Paired-Damage-seq is a single-cell multiomics sequencing technique for joint analysis of transcriptome with oxidative DNA damage and single-stranded DNA breaks.
Based on in situ labeling with the "base excision repair" proteins, damaged DNA sites, including 8-oxoG, AP sites, nicks and gaps, can be labelled with biotinylated dUTP and enabled the downstream targeted tagmentation with anti-biotin antibodies and protein A-Tn5 fusion protein. As a new member of the "Paired series" multiomics techniques, Paired-Damage-seq is also based on ligation-based combinatorial barcoding (first introduced by SPLiT-seq), offering ultra-high-throughput, cost-effective, single-cell indexing without the requirements for specific instruments.

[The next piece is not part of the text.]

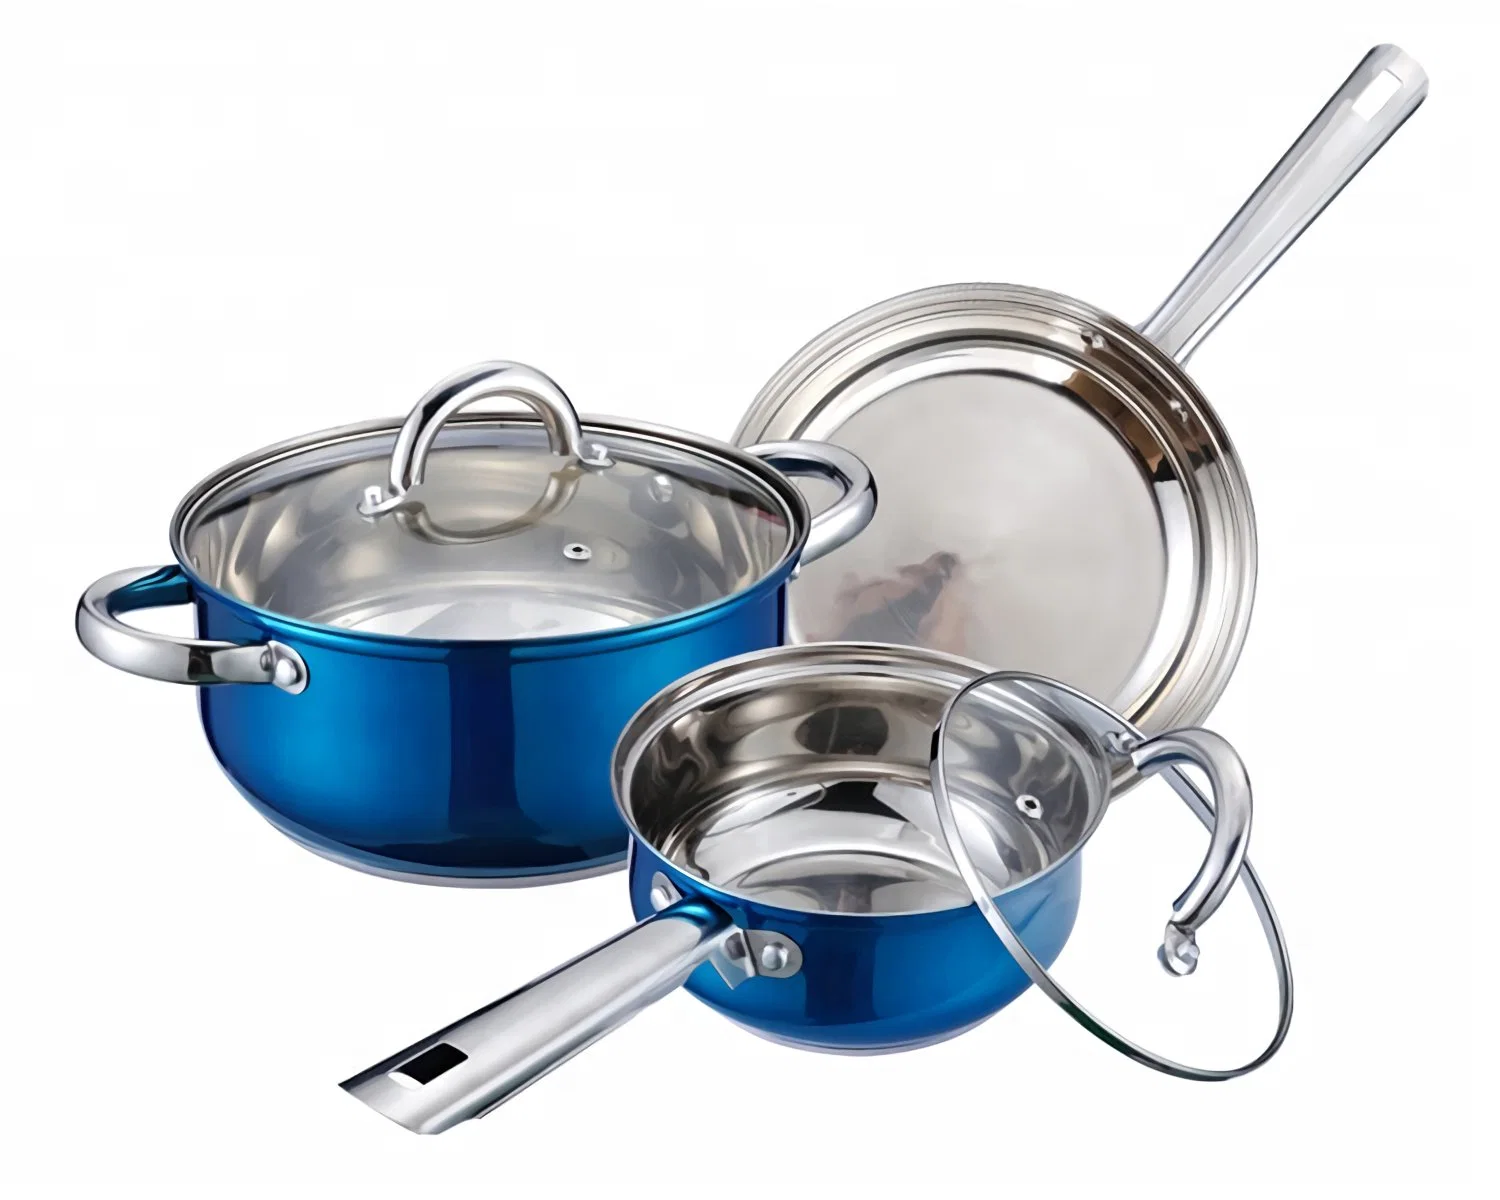 Factory Price Pots and Pans Set 5-Piece, Stainless Steel Induction Cookware with Customized Color Coating and Non Stick Ready All Stovetops Compatible

Using paired transcriptome, we can perform computational "sorting" of cells and analyze the regions most frequently damaged across different cell types and states. Such selective genome vulnerability displays associations with loss of epigenetic memory over time, and could contribute to disease risks.
We used customized barcodes designs and the codes here are specifically for pre-processing of Paired-Damage-seq datasets. If you are using different sets of barcodes sequences, you may need to prepare your own barcode whitelist files.
The codes and barcodes whitelist files used for analysis of Paired-Damage-seq were organized into four parts.
- The pre-processing pipeline to extract cell barcodes, map to reference genome, and generate RNA cell-to-gene count matrix.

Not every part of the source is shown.